These are the key concepts you need to understand to accurately answer the question.

Common Factor
When approaching algebraic expressions, one of the first steps is to identify a common factor for each term. A common factor is a term that divides all parts of the expression without leaving a remainder.
For the expression \(4 x^{-\frac{1}{3}}+8 x^{\frac{1}{3}}\), the term \(4x^{-\frac{1}{3}}\) is the common factor. Here's why:
  • Both terms share the factor of 4.
  • Each term is expressed in terms of powers of \(x\).
  • The smallest exponent, \(-\frac{1}{3}\), is used as the common power for factoring.
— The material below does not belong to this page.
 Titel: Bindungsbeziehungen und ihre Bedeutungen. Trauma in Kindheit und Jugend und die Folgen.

This common factor can be pulled out, simplifying the expression into a more manageable form. Recognizing the greatest common factor in algebra helps to streamline the process of simplification significantly.
Exponent Rules
Exponents denote how many times to multiply a number by itself. Understanding how to manipulate and simplify expressions with exponents is crucial.
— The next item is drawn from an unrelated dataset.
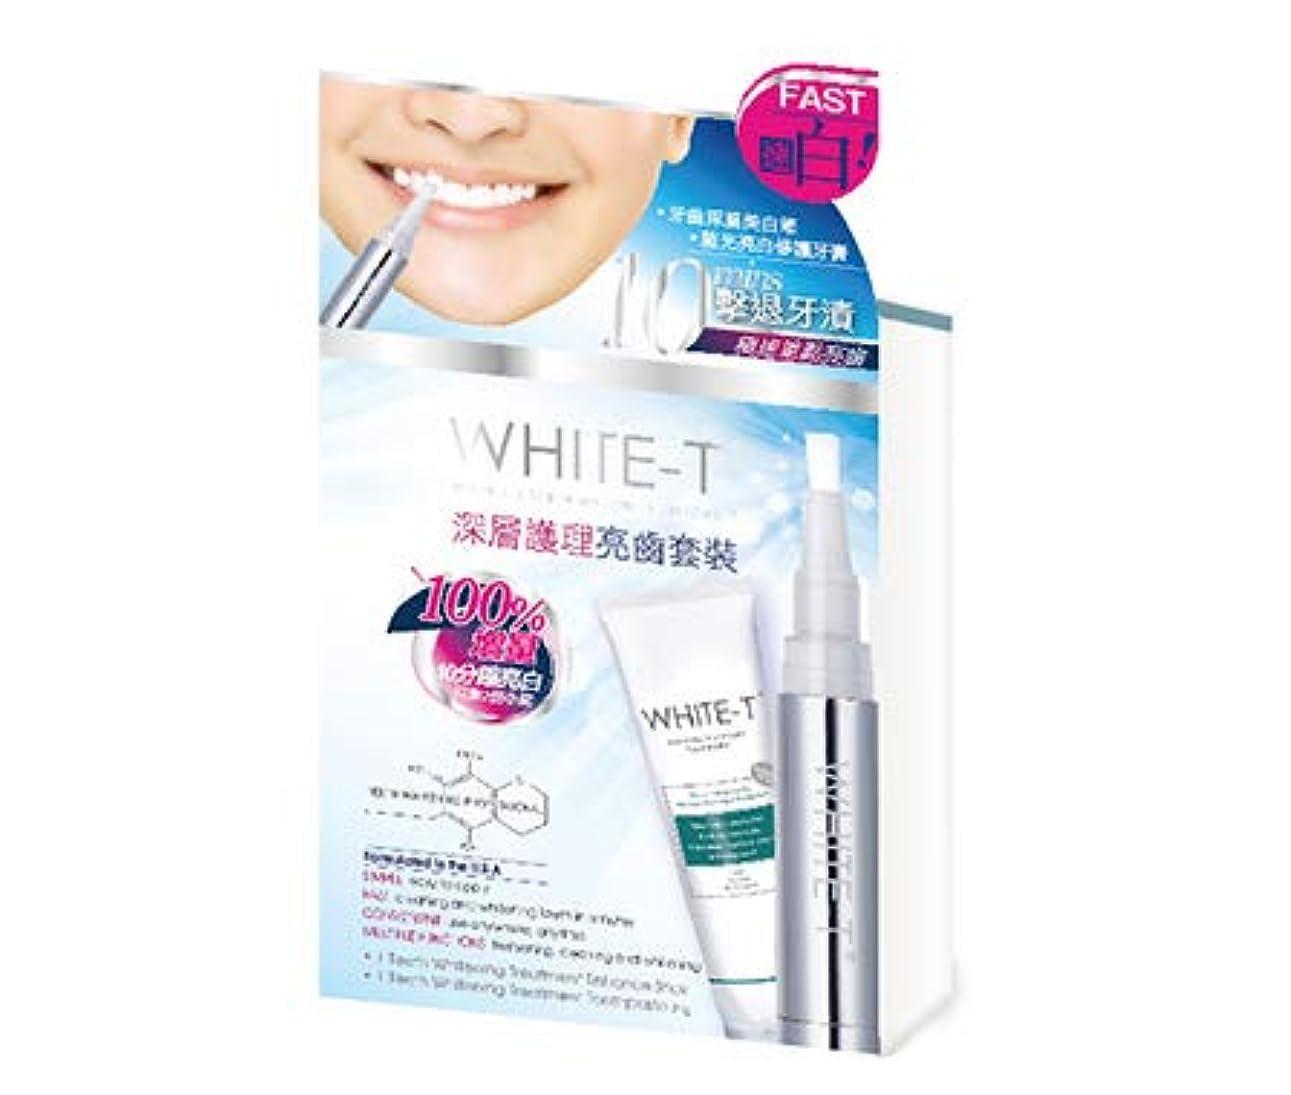 矢印後こどもの宮殿WHITE-T ホワイトニング ペンタイプ(4ml) +ホワイトニング歯磨き粉(30g) 並行輸入品

In our exercise, we encounter exponents like \(x^{-\frac{1}{3}}\) and \(x^{\frac{1}{3}}\). Here are some fundamental rules for handling exponents:
  • Add or Subtract Exponents: When multiplying terms with the same base, add the exponents. When dividing, subtract them. For example, \(x^a \cdot x^b = x^{a+b}\) and \(\frac{x^a}{x^b} = x^{a-b}\).
  • Negative Exponents: A negative exponent means reciprocal. Hence, \(x^{-n} = \frac{1}{x^n}\).
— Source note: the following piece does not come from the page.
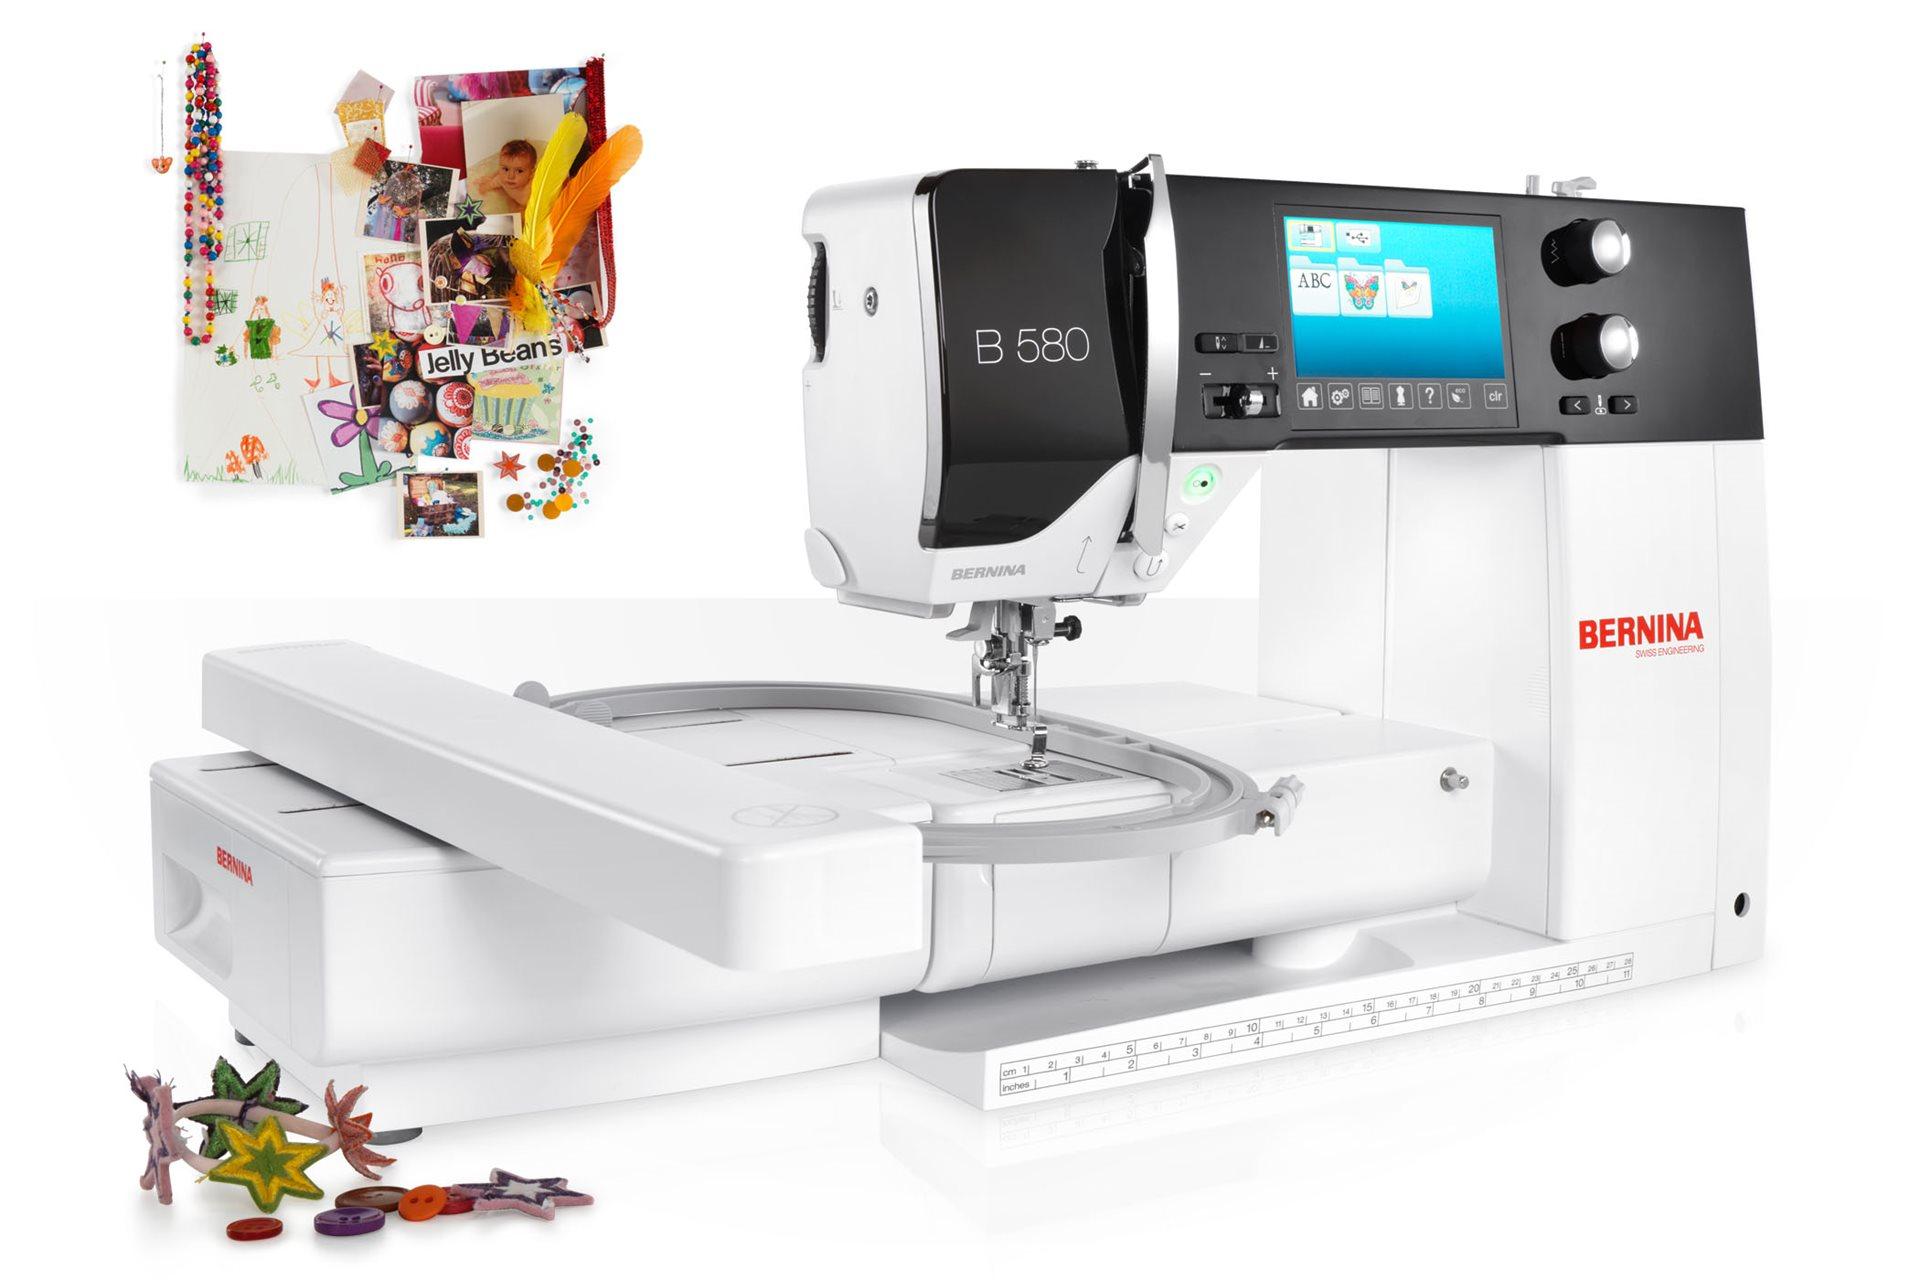 Mit der Nähmaschine kreativ gestalten: BERNINA-Qualitätsprodukte ...

Applying these rules helps to simplify terms and to factor expressions more efficiently. In our problem, utilizing the smallest exponent as a common factor enabled us to handle the expression effectively.
Simplifying Expressions
Simplifying expressions makes them easier to handle and understand by reducing complexity. Once you've factored out the common factor, it’s important to check if further simplification is possible.
In our exercise, the expression \(4x^{-\frac{1}{3}}(1+2x^{\frac{2}{3}})\) is already in its simplest form.
  • Ensure Simple Form: Expressions should not have redundant factors or complicated fractions.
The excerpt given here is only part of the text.